Note, False positive rate = \(\frac{FP}{FP + TN}\) & True positive rate = \(\frac{TP}{TP + FN}\)

Class imbalance#

Suppose we have been asked to create a prediction model to predict whether someone has a rare medical condition. We use diagnostic imaging as features to predict whether not the virus is present.

X, y = make_classification(
    # the usual parameters
    n_samples=500,
    n_features=5,
    n_informative=3,
    n_classes=2,
    random_state=42,
    # Set label 0 for  98% and 1 for rest 3% of observations
    weights=[0.99],
)
classification_data = pd.DataFrame(X)
classification_data["patient_admitted"] = y

# Train logistic regression model
logistic_regression = LogisticRegression()
logistic_regression.fit(X, y)

logistic_regression.score(X, y)

Wow! this looks like this is a pretty good model! … or does it…

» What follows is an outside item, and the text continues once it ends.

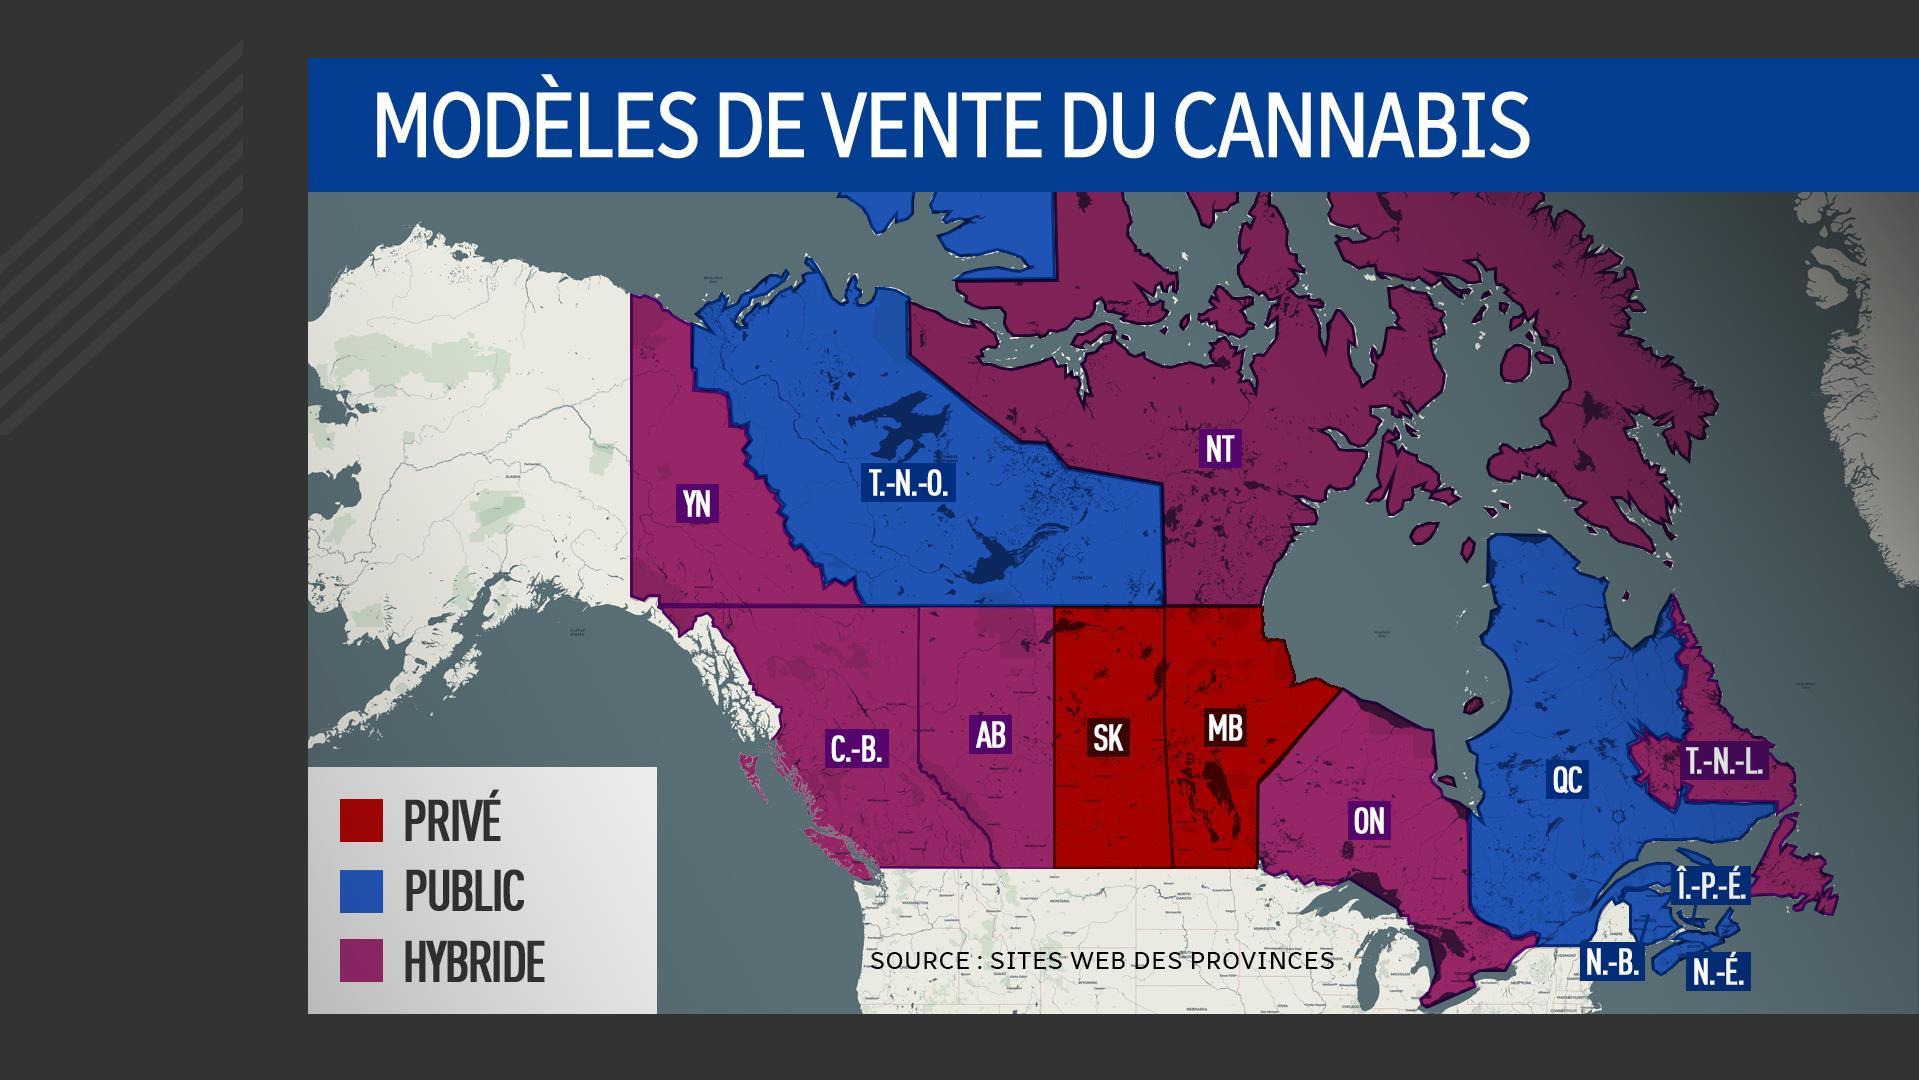 Le Quebec Les Maritimes Et Territoires Du Nord Ouest Ont Opte Pour Une Vente Geree Par Secteur Public En Saskatchewan Au Manitoba La Sera

confusion_matrix = metrics.confusion_matrix(y, logistic_regression.predict(X))
confusion_matrix

fig = px.imshow(
    confusion_matrix,
    text_auto=True,
    labels=dict(x="Predicted outcome", y="Actual outcome"),
    x=["0", "1"],
    y=["0", "1"],
)

fig.update_layout(
    xaxis_title="Predicted outcome",
    yaxis_title="Actual outcome",
    title="Confusion matrix of predictions",
)

fig.show()

What is the problem with using this accuracy metric for this data?

To make a good model, we need to adress the imbalance in the data (typically through resampling).

Task 2 (10-15 mins)

Using the logistic model built in task 1, derive and plot, the confusion matrix for the test data. Make use of metrics.confusion_matrix for this.

# Answer here

How many negative predictions were incorrect (false negatives)? How many missed positives do you think are acceptable?

# Answer here

Using machine learning models in practice#

It’s important to ensure the training data is free from bias (it’s representative of the population you are studying).
The code should be fully transparent (includes documentation and is freely available).
Models arent perfect, and therefore should be used in conjunction with expert opinion (human & AI collaboration).
Some simple models have been introduced, but more advanceded models are capable of improved prediction (ensemble techniques) which can be discussed during full training days.